Currently implemented are crossover recombination within loci, spatial structure with migration on an arbitrary finite graph, and weak natural selection with fitness depending on the full genotype of both parents, as well as their geographical location. Simulating more than one island without migration will result in an infinite loop as the most recent common ancestor of the whole sample cannot be reached, unless only one island has a positive sample size.
The change_times parameter lets the user specify times (in generations) for jump discontinuities in simulation parameters. Relative population sizes across islands, population growth rates, weak selection parameters, and migration rates can vary in this way. All of these parameters must be specified for all epochs (even when they don't change between two epochs) as outlined in dev.cfg. Phylogenetic species trees can be simulated by specifying multiple islands, initially with migration rates set to zero, provided that all islands communicate with positive rate eventually.
Beta-Xi-Sim simulates diploid, biparental, single-sex reproduction. The effective population size provided in the config file is treated as the number of families in the population for purposes of parameter scaling. Thus, simulations will contain ineffective coalescences, where individuals are born to a common family but no material coalesces to a common ancestor. The, for example, a Kingman coalescent simulation (setting alpha = 2
in the config) will result in effective pairwise mergers at a population-rescaled rate of 1/2 per pair, as opposed to 1. This needs to be taken into account if Beta-Xi-Sim is used in conjunction with other software which assumes Kingman mergers to take place at rate 1.

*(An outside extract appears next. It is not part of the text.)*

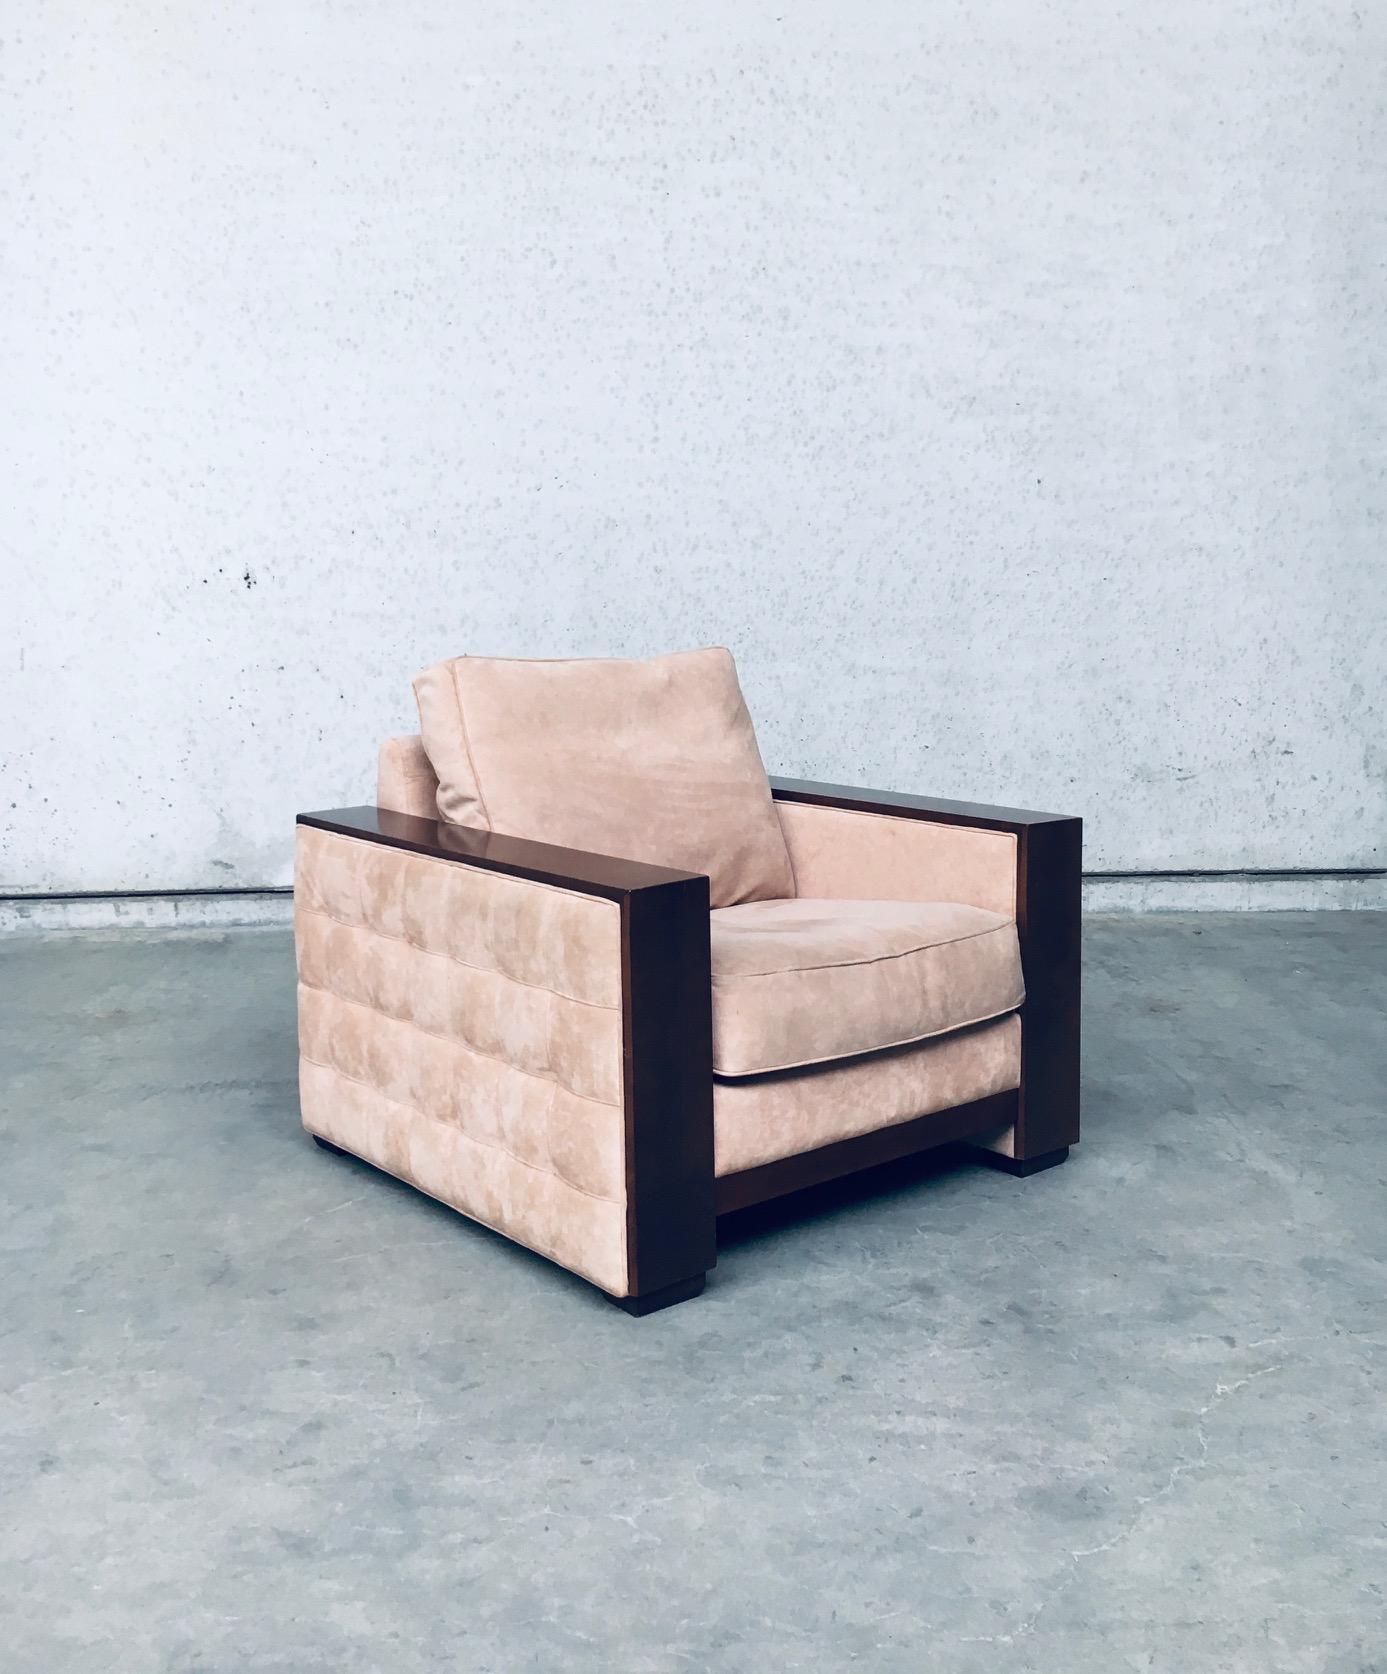 Vintage Postmodern French Design XL Square Fauteuil Lounge Chair by Roche Bobois, made in France 1980's. Cuir suédé alcantara rose saumon avec cadre en bois de hêtre teinté plus foncé. Fauteuil de qualité supérieure en très bon état d'origine.

Relatedly, Beta-Xi-Sim uses the provided effective population size N
to scale other parameters. Many other sofware packages use other quantities, such as 4N
in Hudson's ms
. This also needs to be accounted for when comparing simulation output.
The cod example file contains an example simulation comparing various simulated scenarios to an observed SFS given in demo.sfs.out
. Follow these steps to run the example:
- Extract the config files into the
cod-example/configs
folder. - Run the
cod-136-exp.sh
andcod-136-xi.sh
shell scripts by calling e.g.sh cod-136-exp.sh
. They typically take 2-3 hours to complete, but are independent and can be run in parallel. - Run the
cod-contour.R
,cod-likelihood.R
, andcod-power.R
R scripts. They have been composed on RStudio 1.3.1073 using R 4.0.2. The first two also depend on theks
package (tested on version 1.11.7). Each script will take several minutes to run on a typical PC.

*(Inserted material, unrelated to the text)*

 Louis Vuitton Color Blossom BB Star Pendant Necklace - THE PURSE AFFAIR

The cod-example/singleton-error-model
folder contains a demonstration of a model for assessing the impact of errors in observed singleton entries of the SFS.

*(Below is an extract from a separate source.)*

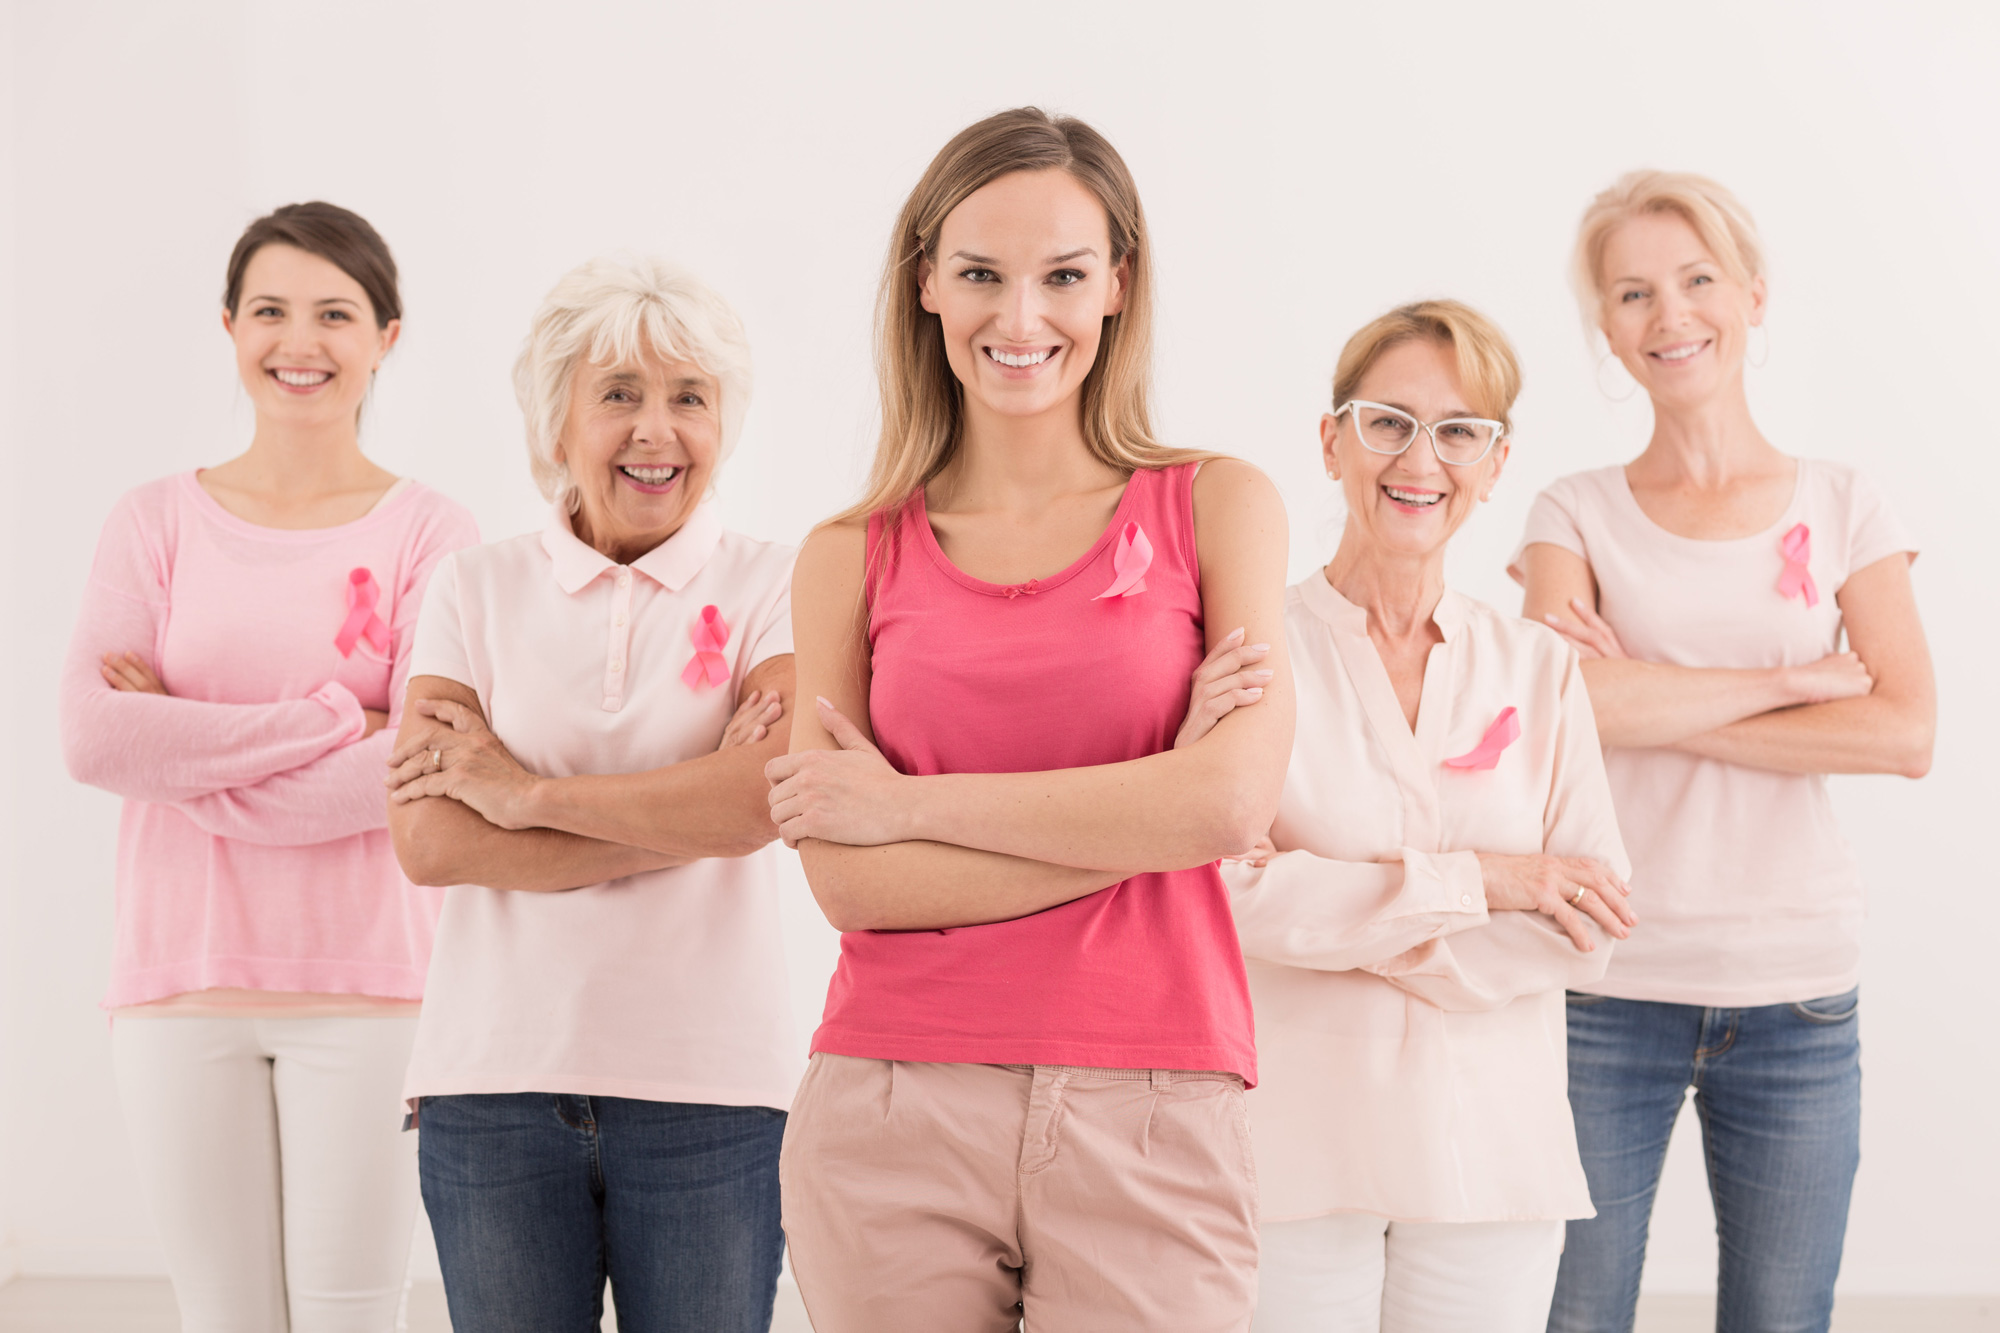 La importancia de la mamografía

If you use Beta-Xi-Sim in your work or wish to refer to it, please cite the following accompanying article:
@article{Koskela:2018:SAGMB:20170011,
author = "Jere Koskela",
title = "Multi-locus data distinguishes between population growth and multiple merger coalescents,
journal = "Statistical Applications in Genetics and Molecular Biology",
volume = "17",
number = "3",
pages = "20170011",
year = "2018",
URL = "https://www.degruyter.com/view/j/sagmb.2018.17.issue-3/sagmb-2017-0011/sagmb-2017-0011.xml"
}
Thanks to Iulia Dahmer, Bjarki Eldon, and Thibaut Sellinger for their help with documentation and verification.